So now we mentioned set active, and when a session becomes active, it asserts its behaviors, its requests, its characteristics on the system. So when you become active, you may stop other people playing. And when you become deactive, the other people may play again or not. It depends on what's going on on the system. So the set active call is really just saying, right, I want the device now, I want to make audio, or I want to record audio.
So audio session, just as with all the other Cordia OPIs, uses a property mechanism to get data, to set data. You can instantiate listeners in order to listen to changes in the audio data. Thank you. And these are the categories. And the categories are implemented as a property and the property is audio category. So there's six categories defined at the moment. Two of those categories allow your application to mix with other applications on the system. Now the sound effect one is kind of like a default. If you think of the Notes app, it would be sort of user interface sound effects. You're not really doing much. You're happy for anything else to happen on the system. Ambient sound is sort of similar to that If you're a game or any application and you want to allow the iPod to play music in the background while your game is in the front, this would be the category to set. It's not the default. If you know nothing else about this session from audio session and you want to do this, you have to know this. Now if your application is much more audio centered, then you need to be one of these four remaining categories. And these categories are going to stop other applications from making audio. You will now own the audio on the system.
except for one which we'll go into in a moment. There's always got to be one exception. So the four categories of media playback, which you could imagine the iPod would be in that category. Live audio, which could be something like the sequences, the instruments, the iPhone band stuff, all of these would be kind of live audio things. Recording, if you're just doing recording, I'm sure there's at least 20 voice notes apps being written today and I'm looking for one. And then there's a play and record and this allows you to do both input and output at the same time.
And these categories are going to keep things about them, like volume. So when the user sets volume, that's a gesture that the user does. It's not actually a gesture your application can do. It's from what we consider a user's action. And when they set the volume, they're going to set it on a category. So let's say you've got three applications that do different types of band things. You might have a guitar app and a piano app or something, and they all come up as the live audio category, then they're going to share volume for the different routes. So if they've got headphones plugged in, that's going to be a volume for that category on that route. If they've got just playing to speaker, that's a different audio route, but the same category. So those two applications would share volume to that destination. And so this covers across the whole thing. And because we're really trying to do volume as much as possible in hardware, because it gives us a much better fidelity and a much better user experience, this is why we're really actually trying to control it. So how can you present volume to the user? Well, on the iPhone, the user has volume controls that they can hit directly. On iPod Touch they don't. So there's two ways you can bring up a volume slider. You can just do one which brings up a HUD, which is the MP Volume Settings Alert. Or you can get a slider, which is a Cocoa UI View slider, and you can put that in the place that you would like to put it best for your application. And the slider that you see in the iPod app, for example, is this type of slider.

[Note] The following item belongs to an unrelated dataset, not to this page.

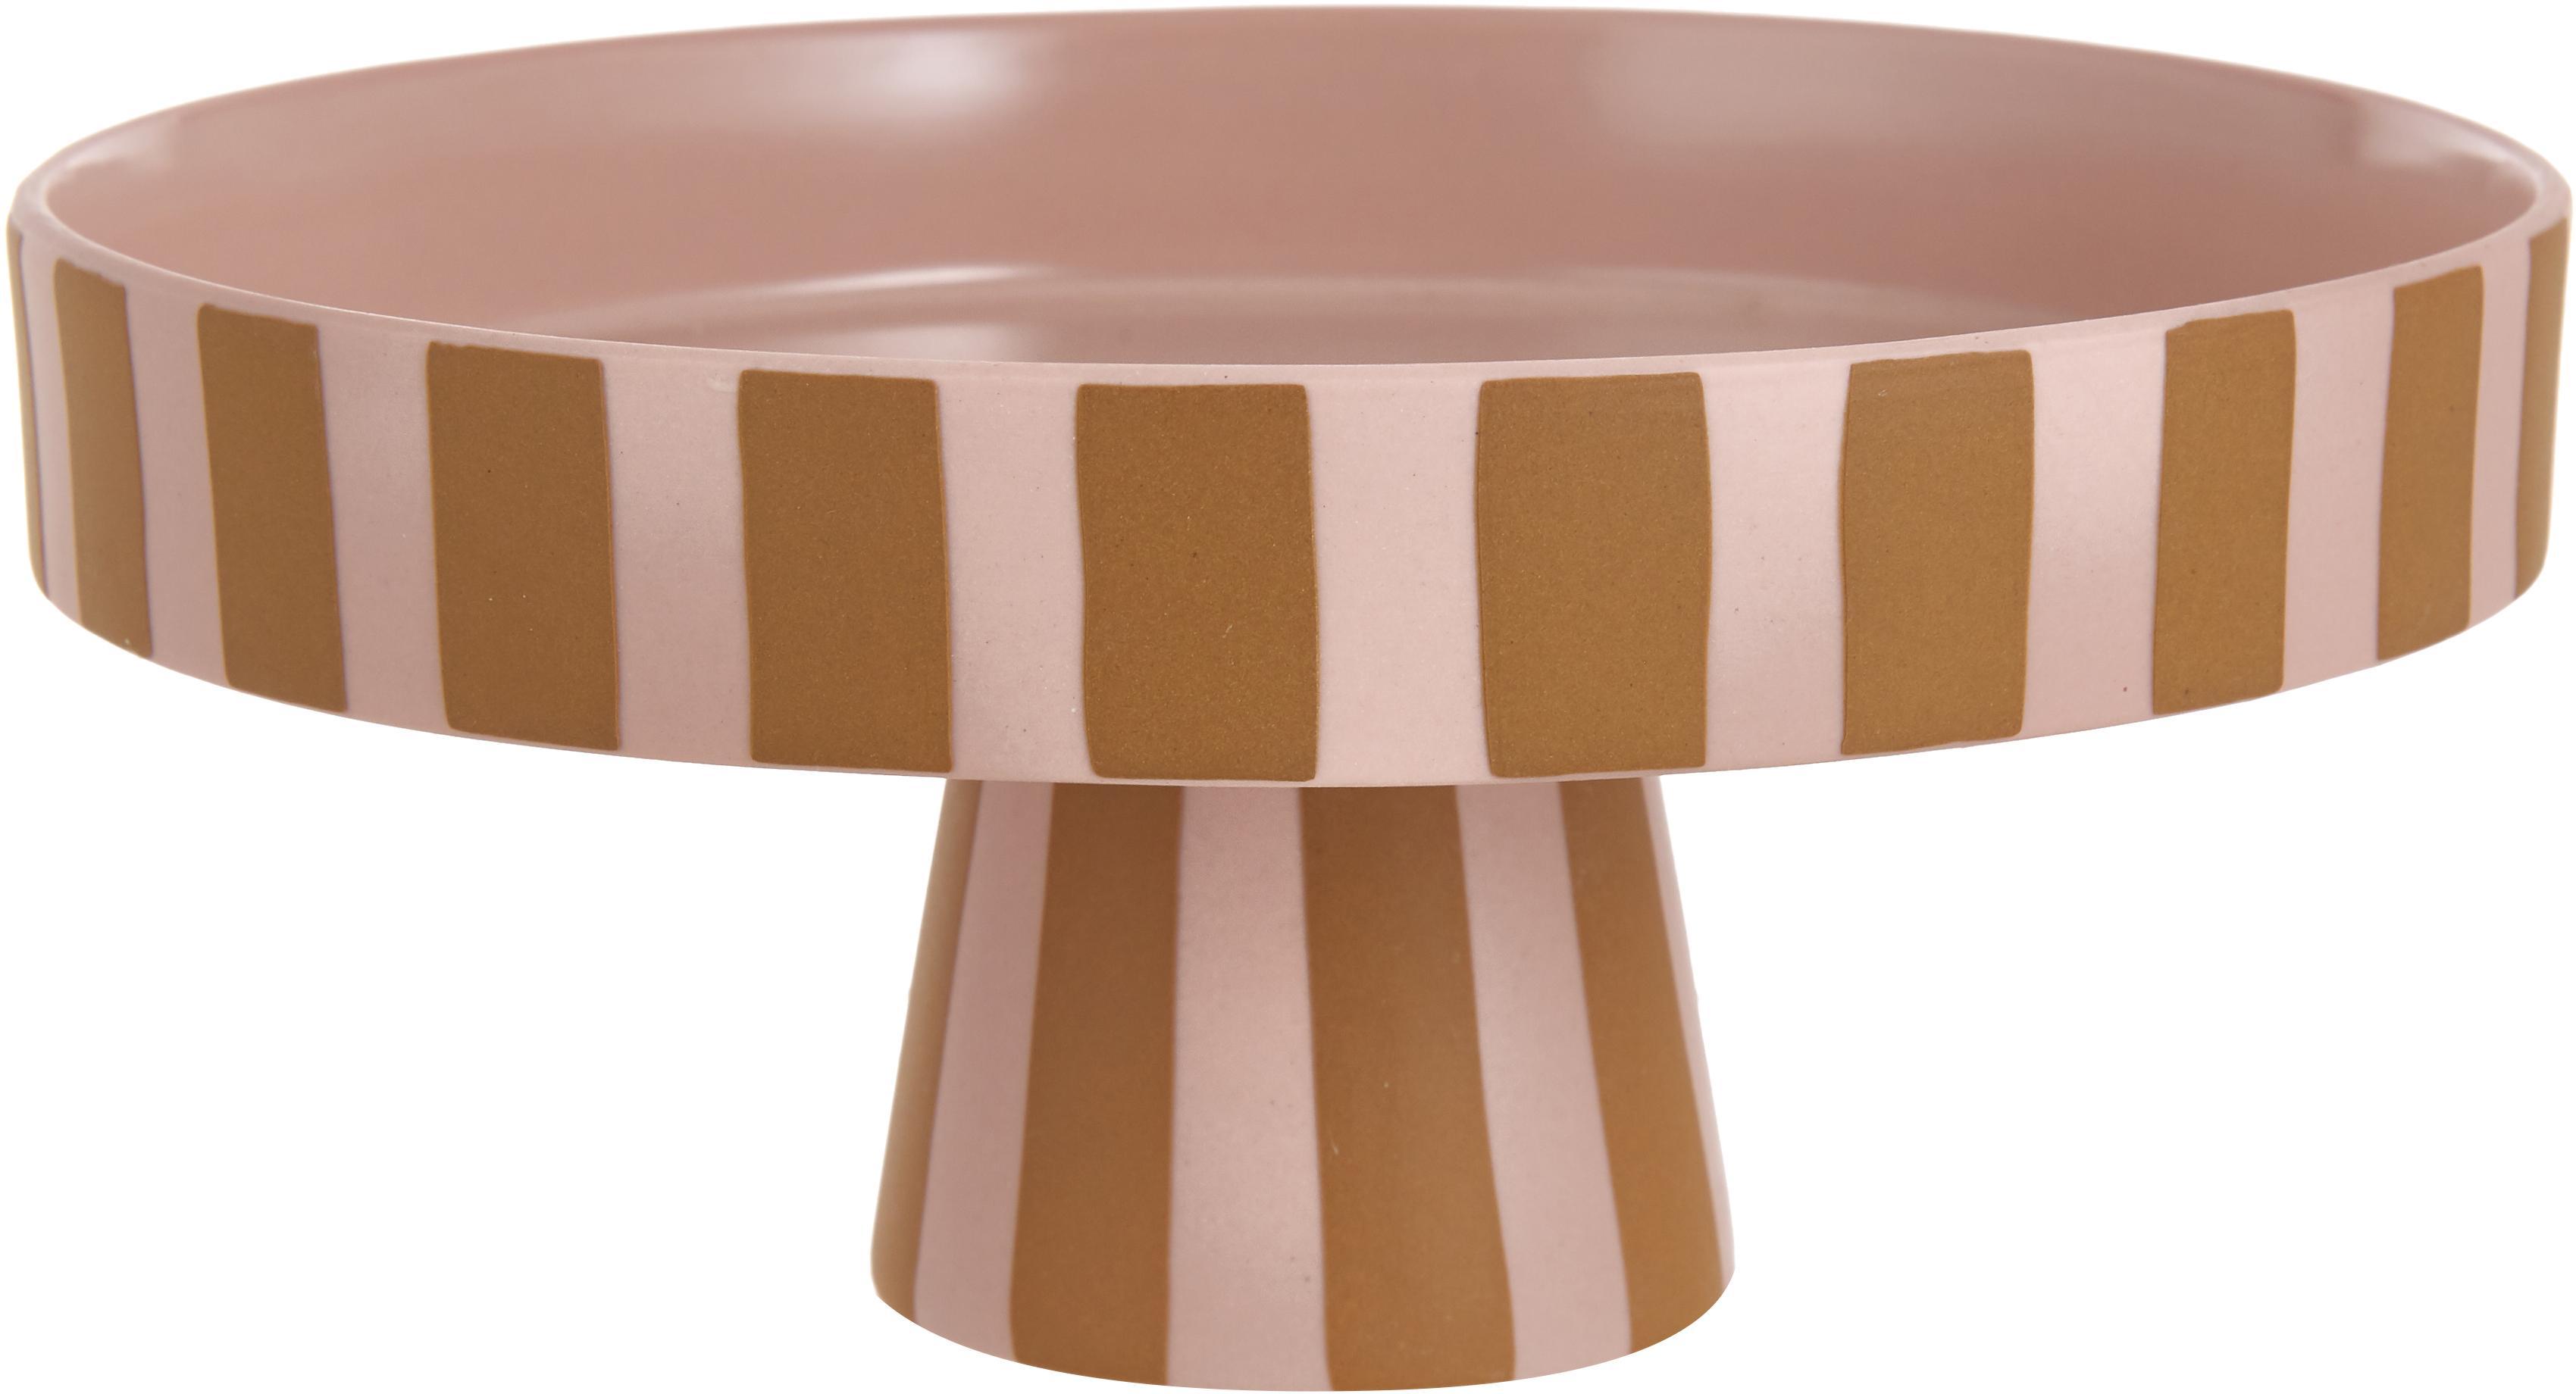 Servierplatte Toppu im Streifendesign, Keramik, Karamellbraun, Rosa, Ø 20 x H 9 cm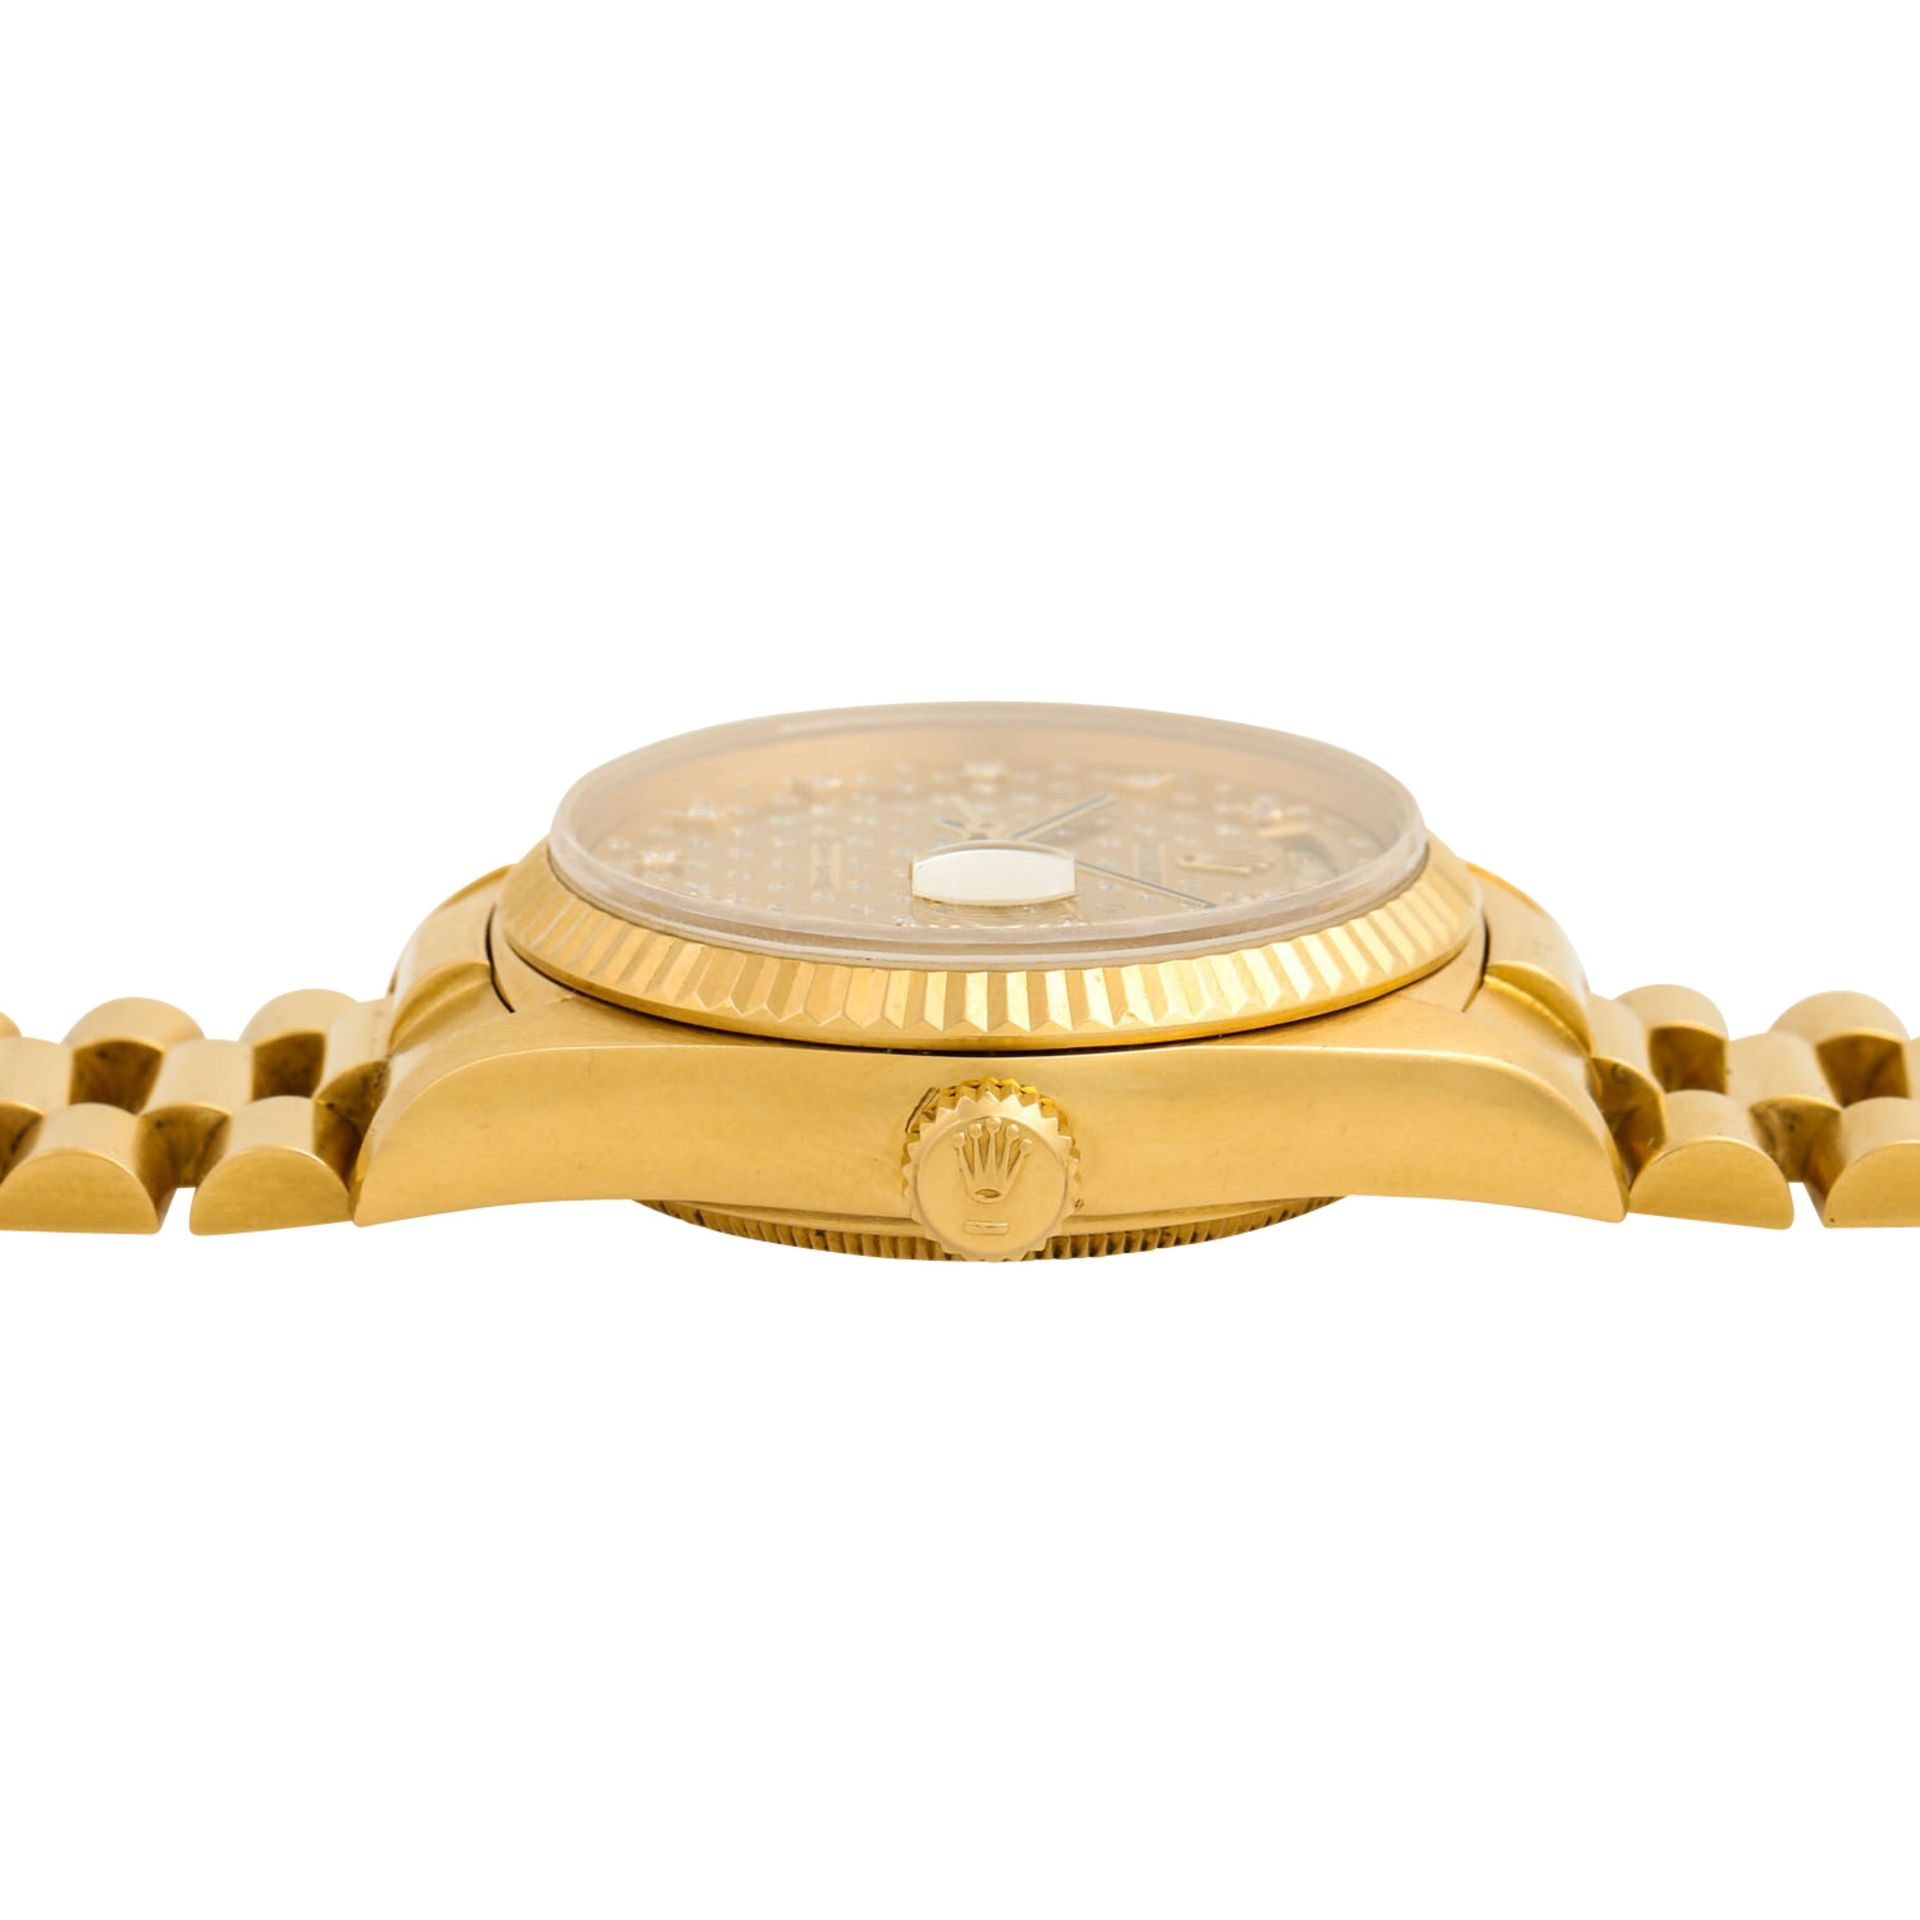 "ROLEX Vintage DayDate ""Sternenhimmel"", Ref. 18038. Armbanduhr. Gold 18K, Ziffernblatt - Image 3 of 8"

Now there's some audio hardware settings that you may be interested in, and this for various reasons. The most common hardware setting that people would like would be sample rate. But this is not something you can set because the current route where audio is coming from or going to may not be able to do that sample rate. As an example, you might want to get 44K and they're using the built-in mic, which is only doing 8 kilohertz. So you're not going to get your preferred hardware sample rate. So you have to be prepared for the fact that you may not get this, but you can still request it. IO buffer size, you'll mostly normally get, but you might not get it for one reason or another. So the IO buffer size is talking about the size of the buffers that we're going to use to do I/O to the device and this affects the latency of the audio coming in or going out of the device.
And so when you do your preferred hardware settings, if you want to get down to that level, they're going to be made active. When you become active, they're going to be asserted onto the device if it's possible. And then you can make these calls, which gets now the current state of the hardware. What is the sample rate? Did I get the preferred one, or am I stuck with some other sample rate? How many input channels do I have? How many output channels do I have? And this is a very useful thing, of course, to do before you're recording. It's no good recording 44k kilohertz stereo if you've got mono 8 kilohertz. So this is a useful thing to know. And your session must be active. If you just make these calls randomly and you're not active, then you're getting whatever the device is now.
So we've talked about routes, and routes are things like headphone, line out speaker. And you can get the current route at any time by calling the get property call with audio route. And an interesting thing to know is when the route changes, when the user plugs in headphones or pulls out headphones. And this is informed to you through a property notification and the property ID on this is audio route change.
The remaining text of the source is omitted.